Que s’est-il passé depuis l’arrivée de CVC pour que la valorisation du groupe monte si haut ?
Nous avons vécu une lune de miel avec CVC, c’est avec eux que nous avons opéré ce virage stratégique, en recentrant le groupe sur son métier cœur de la distribution d’assurance autour des marchés de l’emprunteur, de la santé/prévoyance, du dommage de niches, de la santé internationale et de la gestion de patrimoine. Cette transformation et notre dynamique commerciale dans les 18 pays où nous opérons nous ont permis de générer une croissance organique de 8% en moyenne dans un environnement pourtant très concurrentiel. CVC va nous manquer, nous avons mené ensemble cette séquence tambour battant avec des liens de confiance extraordinaires. Nous avons atteint un niveau de performance élevé qui nous permet aujourd’hui de voir encore plus grand plus loin. Dans le Private Equity, pour qu’une histoire soit belle il faut bien qu’elle se termine.
"J'espère que le deal que nous venons de sceller va inspirer d'autres acteurs du marché"
Pourquoi le choix s’est porté sur KKR ?
De nombreux fonds d’investissement de grande qualité se sont intéressés à April et le choix était cornélien. KKR l’a notamment emporté car l’équipe avec laquelle nous allons avoir le plaisir de travailler, a parfaitement endossé l’ambition de faire d’April un champion du courtage d’envergure mondiale. Cette nouvelle phase de croissance s’inscrit dans la durée, ce qu’a soutenu KKR en mobilisant son fonds core avec un horizon d’investissement à 10-12 ans. KKR est un des fonds les plus prestigieux au monde avec une forte expertise dans les secteurs de l’assurance et des services financiers. Ils sont dans une logique de développement et d’investissement à nos côtés et vont nous permettre d’élever encore notre niveau de jeu et nous donner les moyens d’aller plus loin, en matière de croissance externe, notamment à l’international, et en matière d’expérience client grâce à l’alliance du meilleur des relations humaines et du digital.
Le marché du M&A étant en plein ralentissement est-ce la bonne période pour une stratégie de Buy & Build ?

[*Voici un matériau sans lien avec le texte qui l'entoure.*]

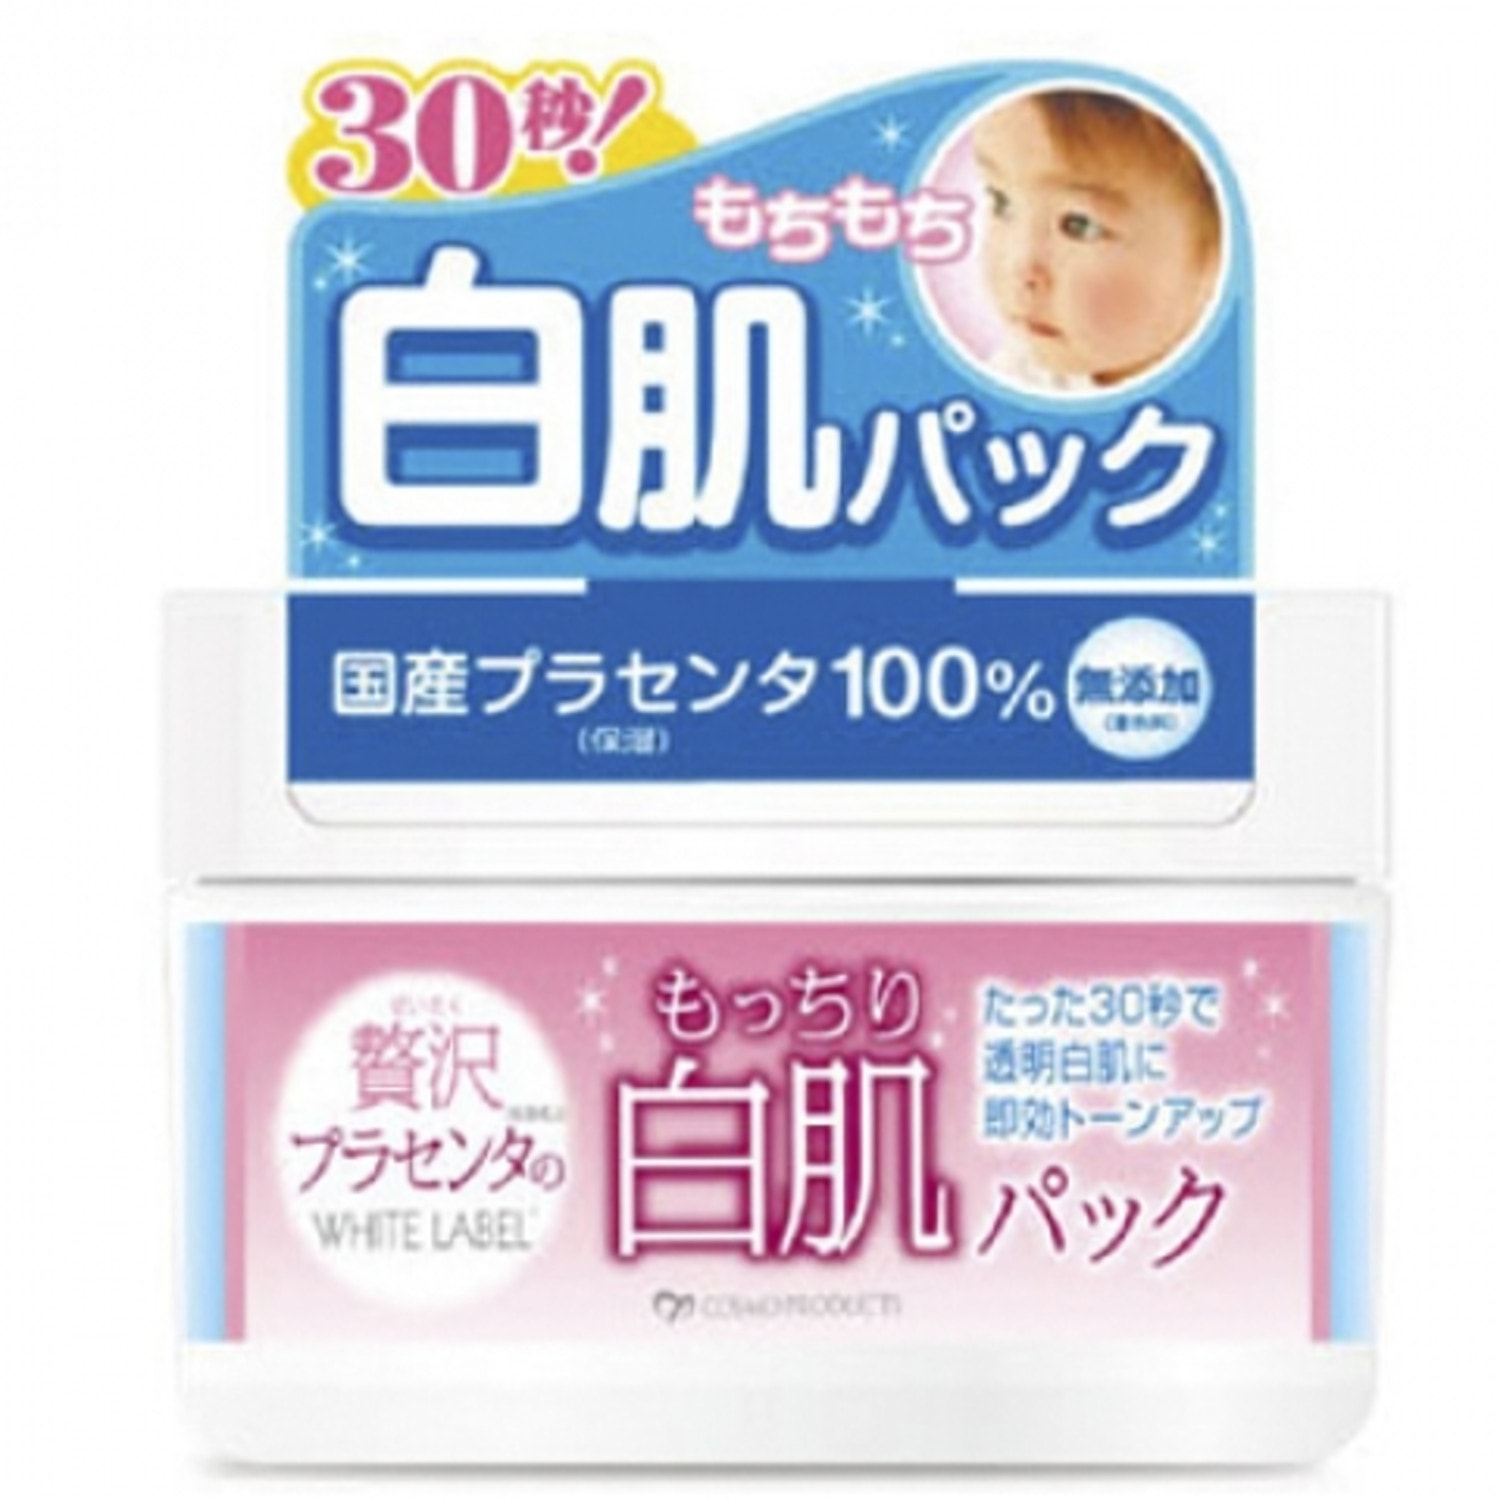 MICCOSMO "WHITE LABEL Premium Placenta Pack" Очищающая и увлажняющая крем-маска для лица с плацентой 130 г. / 624601

Il y a toujours une part d’aléa avec le M&A mais le ralentissement que vous évoquez concerne surtout les grosses opérations et j’espère que le deal que nous venons de sceller va inspirer d’autres acteurs sur le marché.
Résilient pendant les crises, valeur refuge des investisseurs, le secteur du courtage doit-il vraiment craindre quelque chose ?
L’assurance est souvent présentée comme une activité qui fait preuve d’une grande résilience dans les périodes de crises. Nous savons par expérience que les risques existent, notamment sur le terrain réglementaire. Ces menaces peuvent aussi se transformer en opportunité. Nous nous sommes notamment mobilisés pour que la loi Lemoine devienne une réalité en France et permette aux 7 millions d’emprunteurs de retrouver leur liberté de choix avec des économies substantielles à la clé. L’ouverture à la concurrence est toujours une excellente nouvelle pour les consommateurs et une chance pour les acteurs les plus agiles.